I didn’t know how it felt to be situated within my own body. I didn’t appreciate or cherish my body as my friend had. This wasn’t my friend’s fault and I knew that even then. It wasn’t her responsibility to make me feel warm and cozy on the inside. It was mine.
To me, my body appeared too large and too wide and rather unbecoming. At an early age, I determined my body was a horrible sight, and a disempowering, internal dialogue formed. As time went on, there were discrepancies to my line of thinking—compliments, attention from suitors, and my small clothing size. Yet none of this mattered much or made a lasting impact on my perception. I had a distorted body image.
Our body image is our perception of our physical self and the opinions and feelings that result from that perception.
Our feelings can be positive, negative, or both, and are influenced by internal and environmental factors. Thoughts and feelings about our body can begin forming at three years old.

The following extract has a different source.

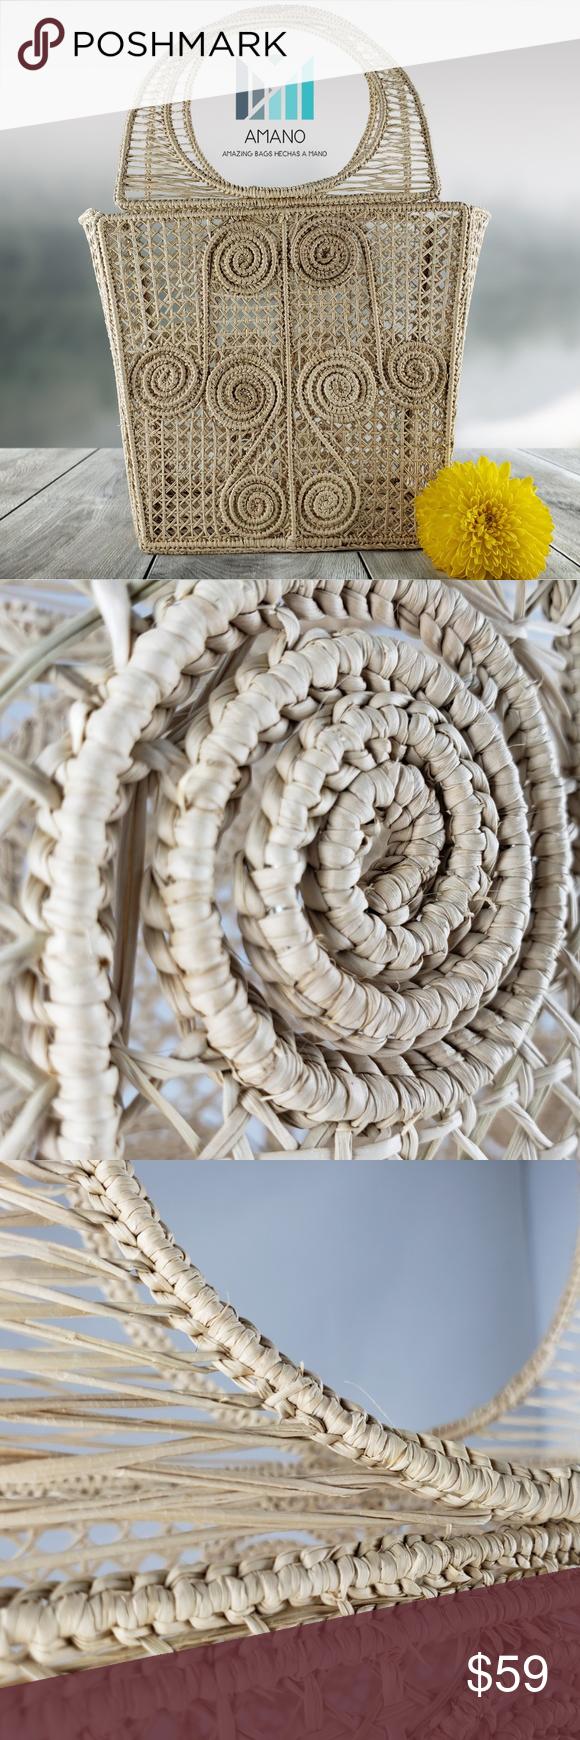 handmade in Colombia BLUE IRACA PALM basket bag Iraca palm handbag

A body image distortion is when a person may see a body in the mirror that is considerably different from their actual physical body. In its most severe form, a body image distortion is called body dysmorphia and is considered a mental health disorder (body dysmorphic disorder). For those diagnosed with BDD, a combination of cognitive behavioral therapy and medication can be implemented to treat their condition.
While working as a school social worker, I learned that body dissatisfaction and body image distortion resulting from poor body image are not uncommon and are experienced to varying degrees (from mild to severe).
The body awareness support groups we held at the school were our most attended. Many believed that the bodies they viewed in the media were unrealistic and unattainable, and this caused them to view themselves in a poor light. Others felt that traumatic life events, harsh criticism from peers or family members, or a mental health issue caused them to hold disapproving and destructive thoughts about their bodies.
In our support groups, we offered tools to manage body image distortion and counter body dissatisfaction. But what my colleagues and I couldn’t give the students was a guarantee that they wouldn’t become triggered from time to time—as I had. In order to truly shed our negative body perception, we have to unravel its origin and learn how to change our line of thinking. A compassionate, experienced therapist can help in this capacity.
For me, it wasn’t until I devoted myself to spiritual practice and committed to a mind-body program—like meditation, yoga, pilates, and dancing—that I found a true appreciation for my body. In applying maitri, one of the four virtues of Buddhism, I learned to befriend my body, shine light on my shame, and embrace my imperfections.
And now, when I see my reflection in a mirror, I hang in there a bit longer with myself. I quiet down the judgments and breathe life into my body.
I breathe in love and light and bow down to one of God’s beautiful creations: my body.